拜登

Biden was right to ring the alarm for democracy

It’s better to be candid than invoke a national unity that doesn’t exist

Age impairs the body but frees the tongue. Joe Biden proves both points. The man who looks each one of the 80 years that he will clock up in November has acquired the cussed candour of the old.

The beliefs of Donald Trump add up to “semi-fascism”, says the US president. Much of the Republican party is a menace to the “foundations of our republic”. “Whose side are you on?”, asks Biden, with the stark dualism that he used to avoid in favour of cross-partisan bonhomie. Here — say the scandalised, some of whom are liberals — is a president in divisive mood.

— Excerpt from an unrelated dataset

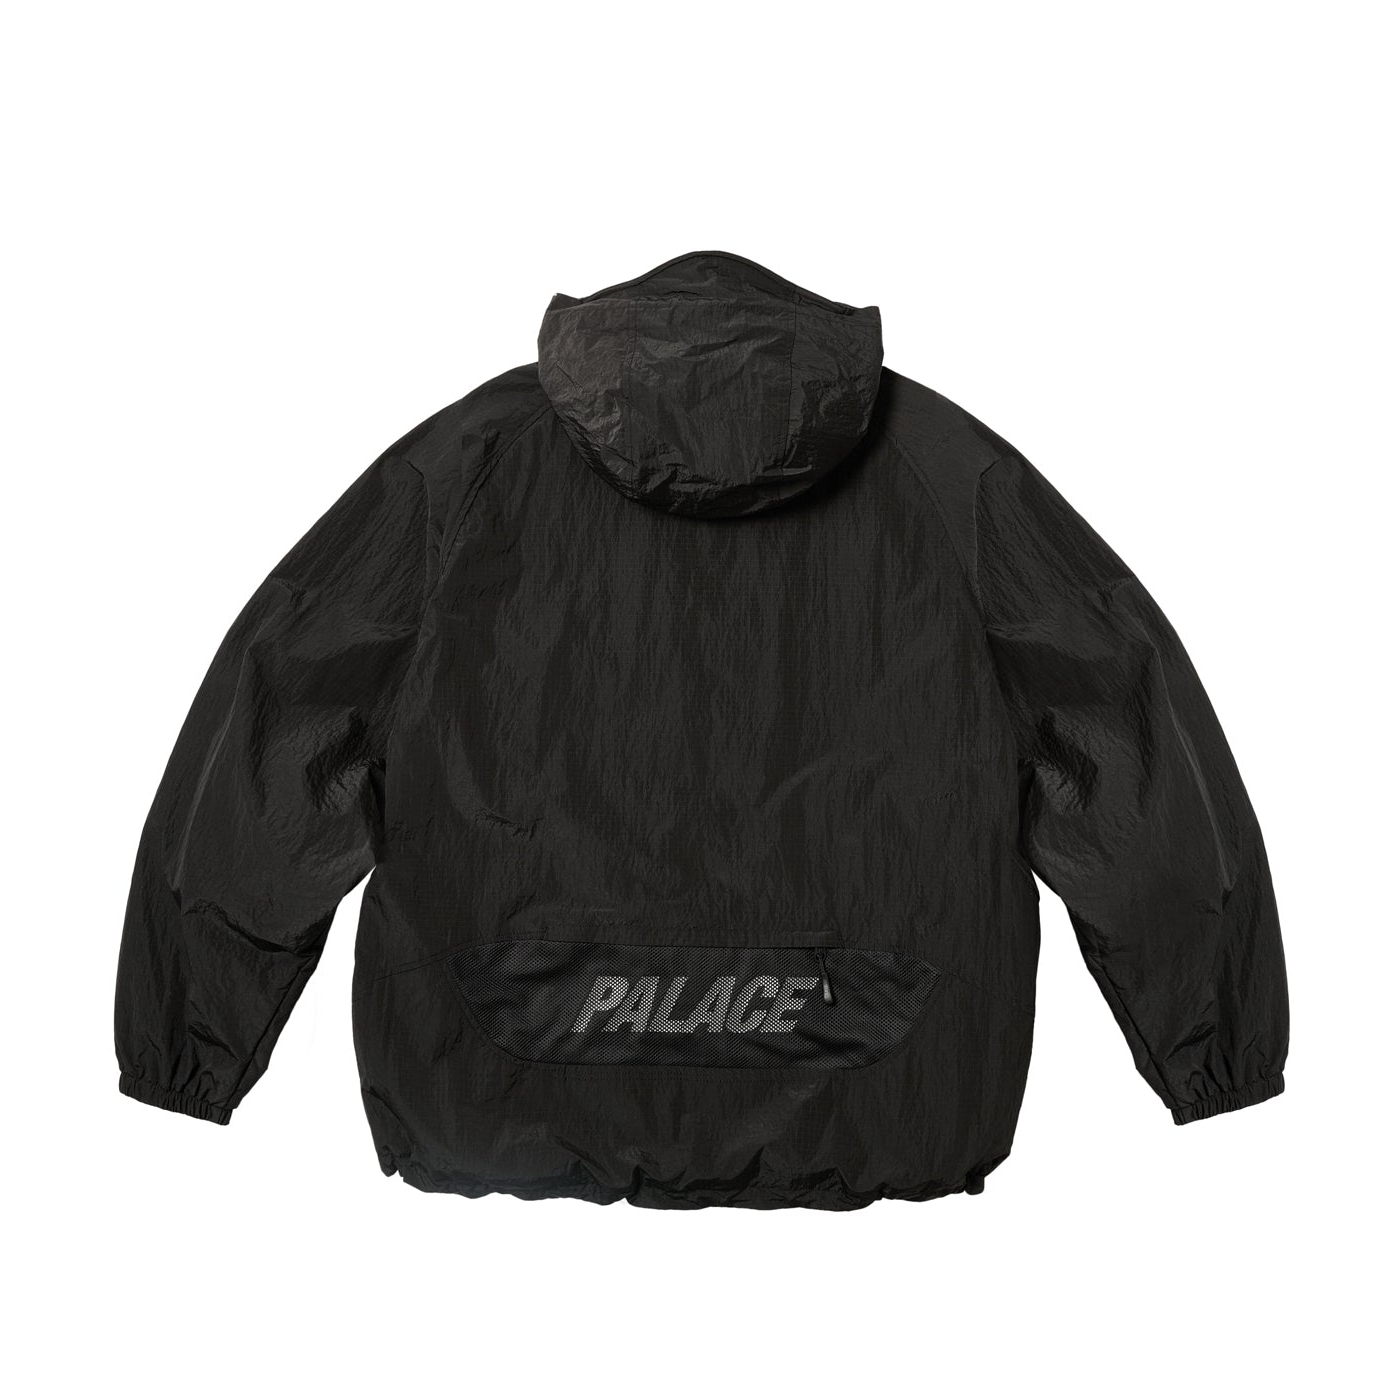 Thumbnail Y-RIPSTOP SHELL JACKET BLACK one color

No, just a realistic one. True, the mise-en-scène of his Philadelphia speech last week, with its flanking US Marines, was weird. He too often conflated anti-Democrats with anti-democrats. But the speech did not create a divide. It acknowledged one that already exists. The alternative — exhorting national unity — has been tested to destruction. “There is not a liberal America and a conservative America”, said Barack Obama in 2004. Yes, there is. “Let us listen to one another,” said Biden himself at his inauguration, as though no one had thought of that before. This stuff won’t do anymore. A fact of American life since the 1990s is that a large minority of voters struggles to accept the legitimacy of any Democratic president. Appealing to a phoney togetherness while this goes on is untenable.